# Ibd



## lindalou (Apr 7, 2009)

Does anyone's older golden suffer from Inflammatory bowel disease?


----------



## hotel4dogs (Sep 29, 2008)

yes, he was diagnosed by biopsy at age 8. he's 11 now.
The weird thing is mine has asymptomatic IBD. 
I'd be happy to answer any questions you might have or help in any way I can.
Oh, and welcome!


----------



## lindalou (Apr 7, 2009)

What is asymptomatic IBD?


----------



## hotel4dogs (Sep 29, 2008)

it means he NEVER had any diarrhea and/or vomiting, no loose poop, no mucous in the stool, nothing at all.
It was picked up by an elevated liver enzyme (the ALT), which was mildly elevated. When only the ALT is up, it's often gastro-intestinal related.

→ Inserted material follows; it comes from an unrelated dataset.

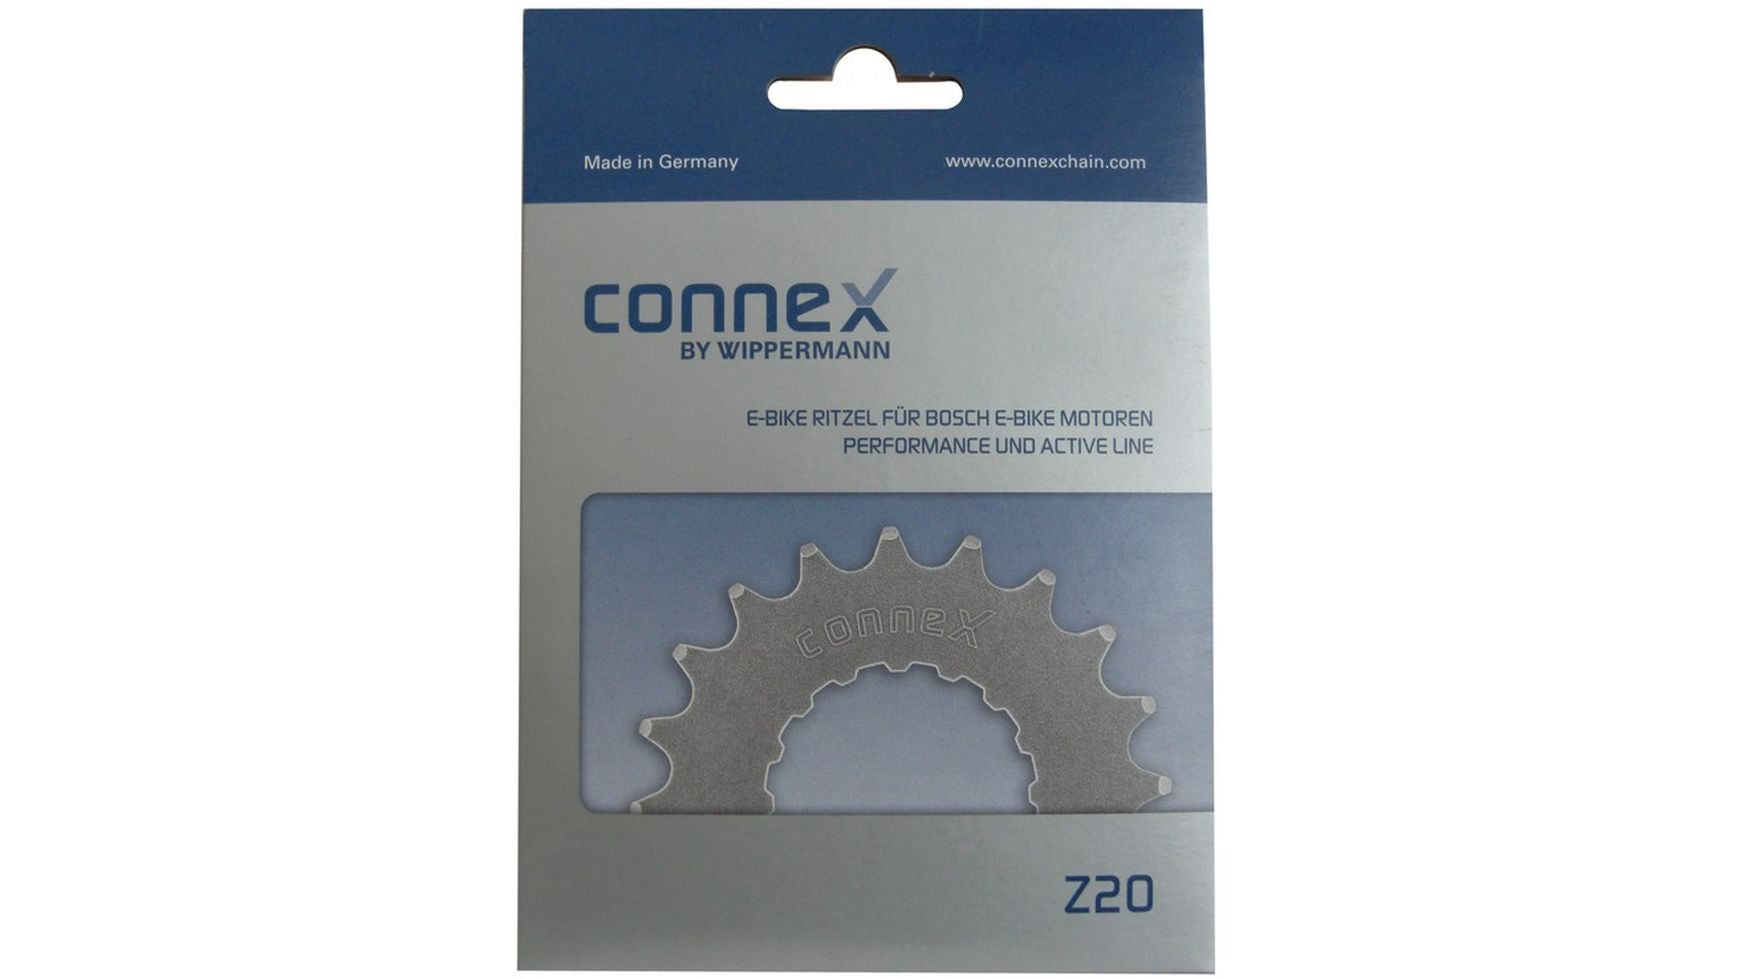 Connex 22 Zähne Ritzel Bosch von Connex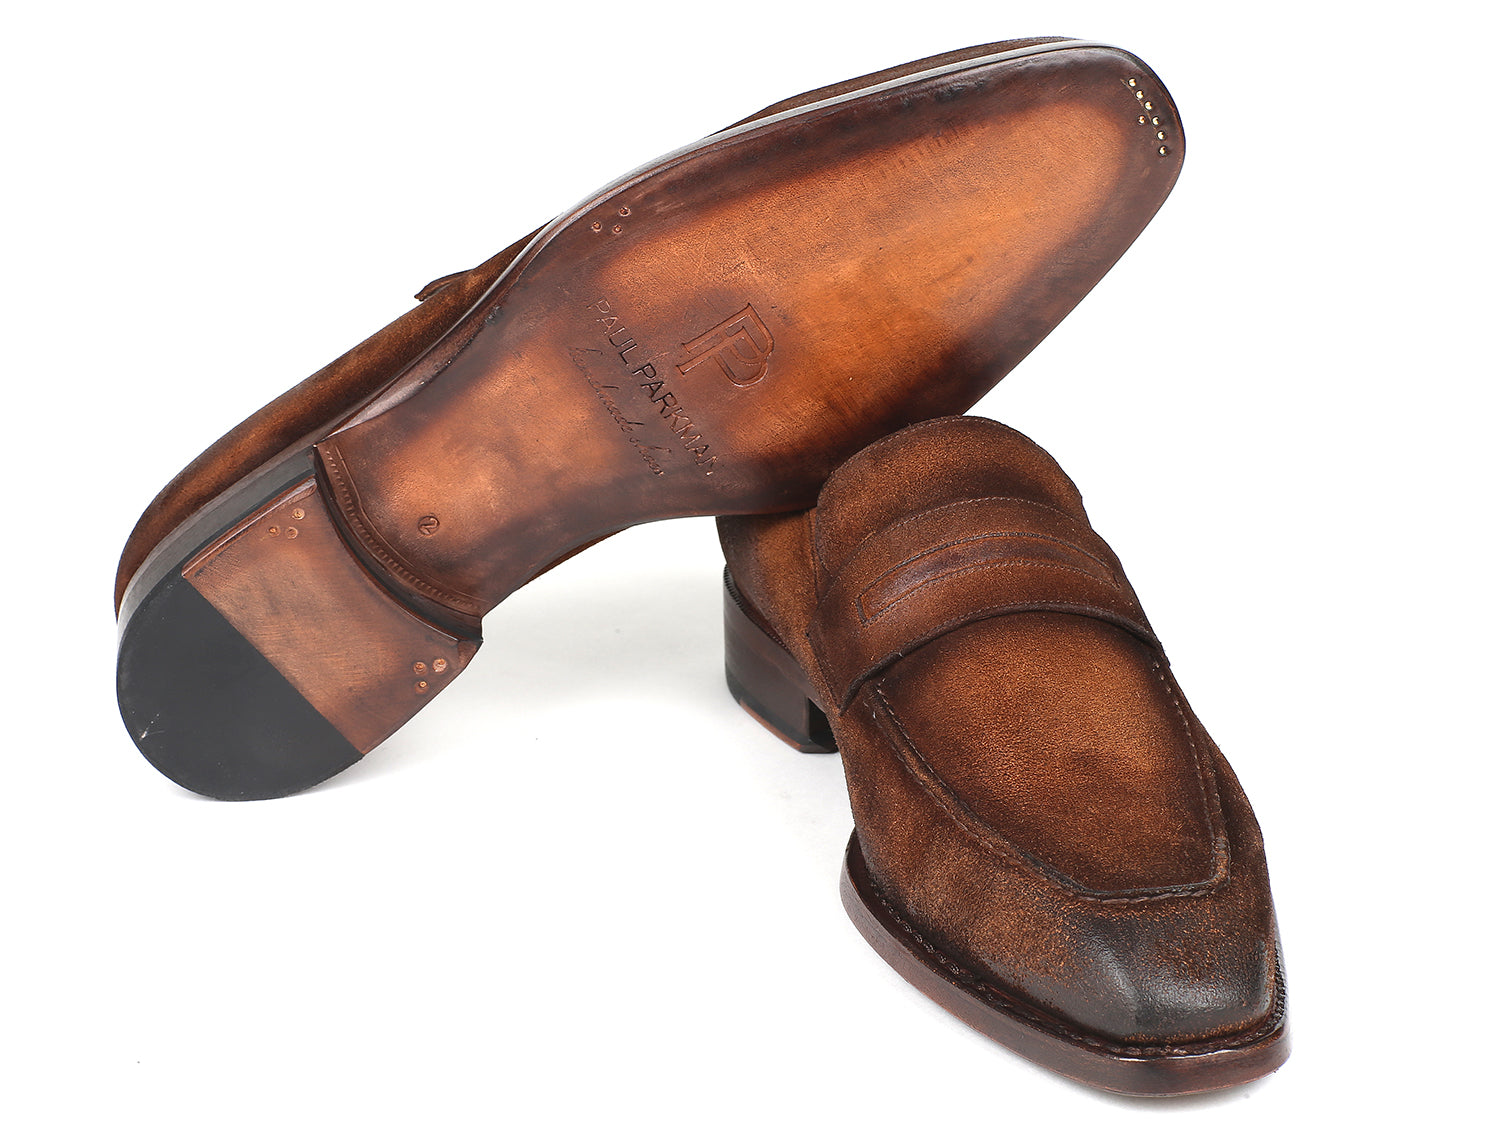 Paul Parkman Men's Tassel Loafer Brown Antique Suede Shoes (ID

To make a long story short, we took him for a liver ultrasound, they found a splenic mass and he ended up with a splenectomy. While they were in there, they biopsied his stomach and intestines and found classic IBD with massive white cell infiltration. (BTW, the splenic mass was thankfully totally benign). 
We treat his only with dietary modification and blood monitoring, since he has no diarrhea nor vomiting.


----------



## pb1221 (Nov 21, 2006)

Murphy has IBD-diagnosed via biopsy at 5 months old. She is now going on 5. I would be happy to answer any questions you might have. Murphy is not on any medication as so far, we have been able to control it with a strict diet.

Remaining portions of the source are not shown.